Huzam menggaruk tengkuknya lagi. Satu per satu ingatannya semalam, mulai bermunculan. Dan ia sangat malu. Huzam pun perlahan menarik kursi di depan Arbrito. Terdiam karena benar-benar parah apa yang ia lakukan.
"Ndak usah diingat-ingat. Sudah dicucikan sama putri saya." Arbrito bisa menebak gestur tubuh Huzam. Pasti pemuda itu sedang memikirkannya.
"He, makasih, Pak. Mohon maaf sekali." Arbrito mengangguk. Ia memang tak akan mempermasalahkannya.
"Silakan," ujar Fatiya meletakkan satu piring berisi telor ceplok itu.

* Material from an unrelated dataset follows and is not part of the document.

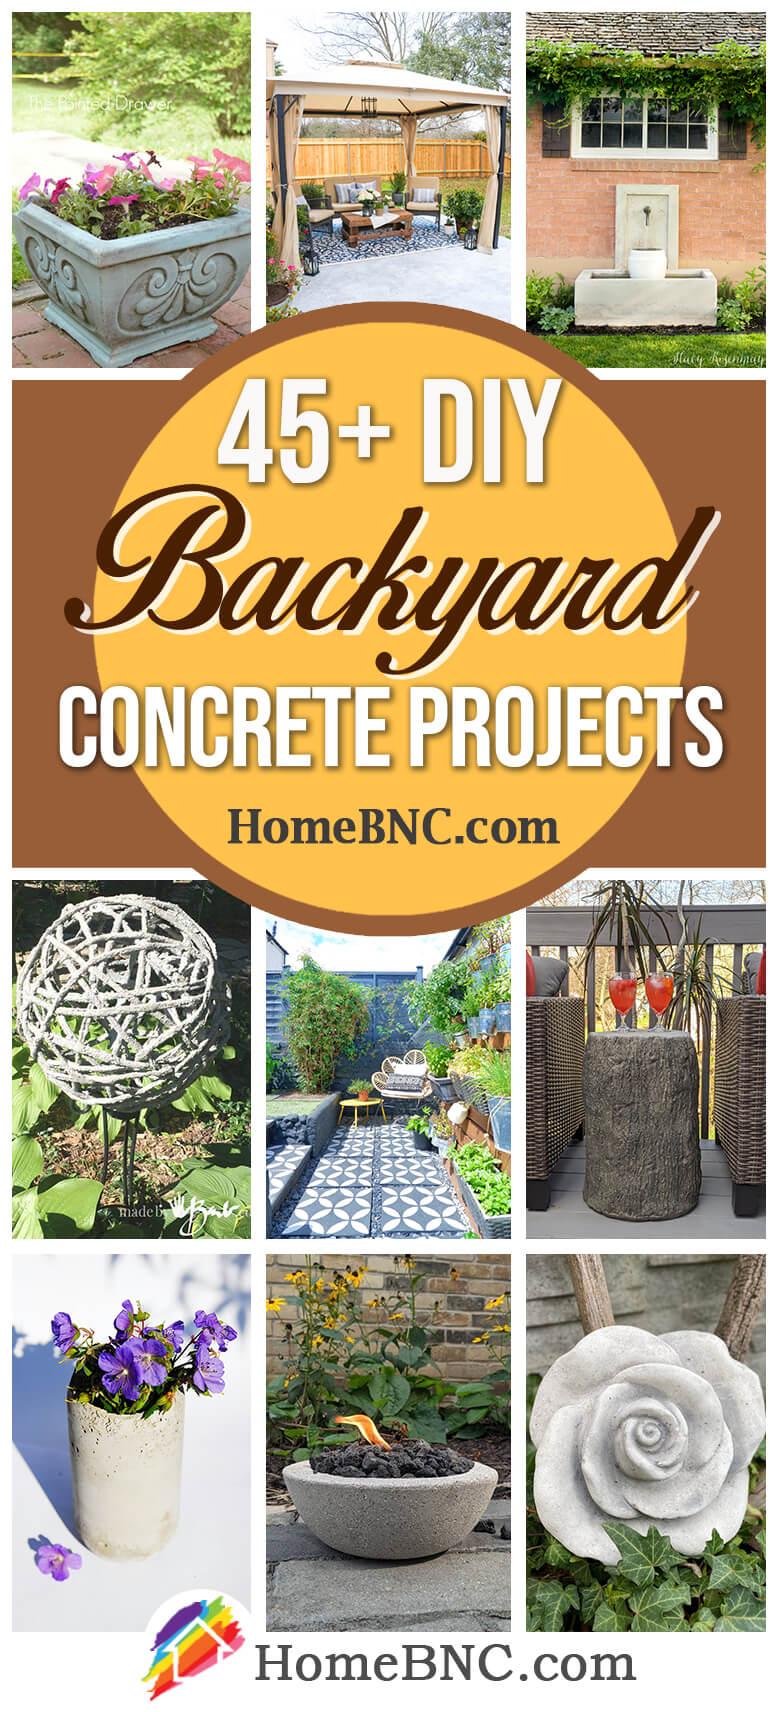 DIY Backyard Concrete Projects

"Dimakan, Zam. Gini doang tapi enak kalau masakan putri saya."
Fatiya tersenyum. Ayahnya cukup pandai memuji. Ia pun mendudukkan diri di kursi satunya.
"Silakan dicicipi, Kak. Seadanya."
Huzam mengangguk. Namanya Fatiya, putri dari Pak Arbrito. Usianya nampak seumuran dengannya.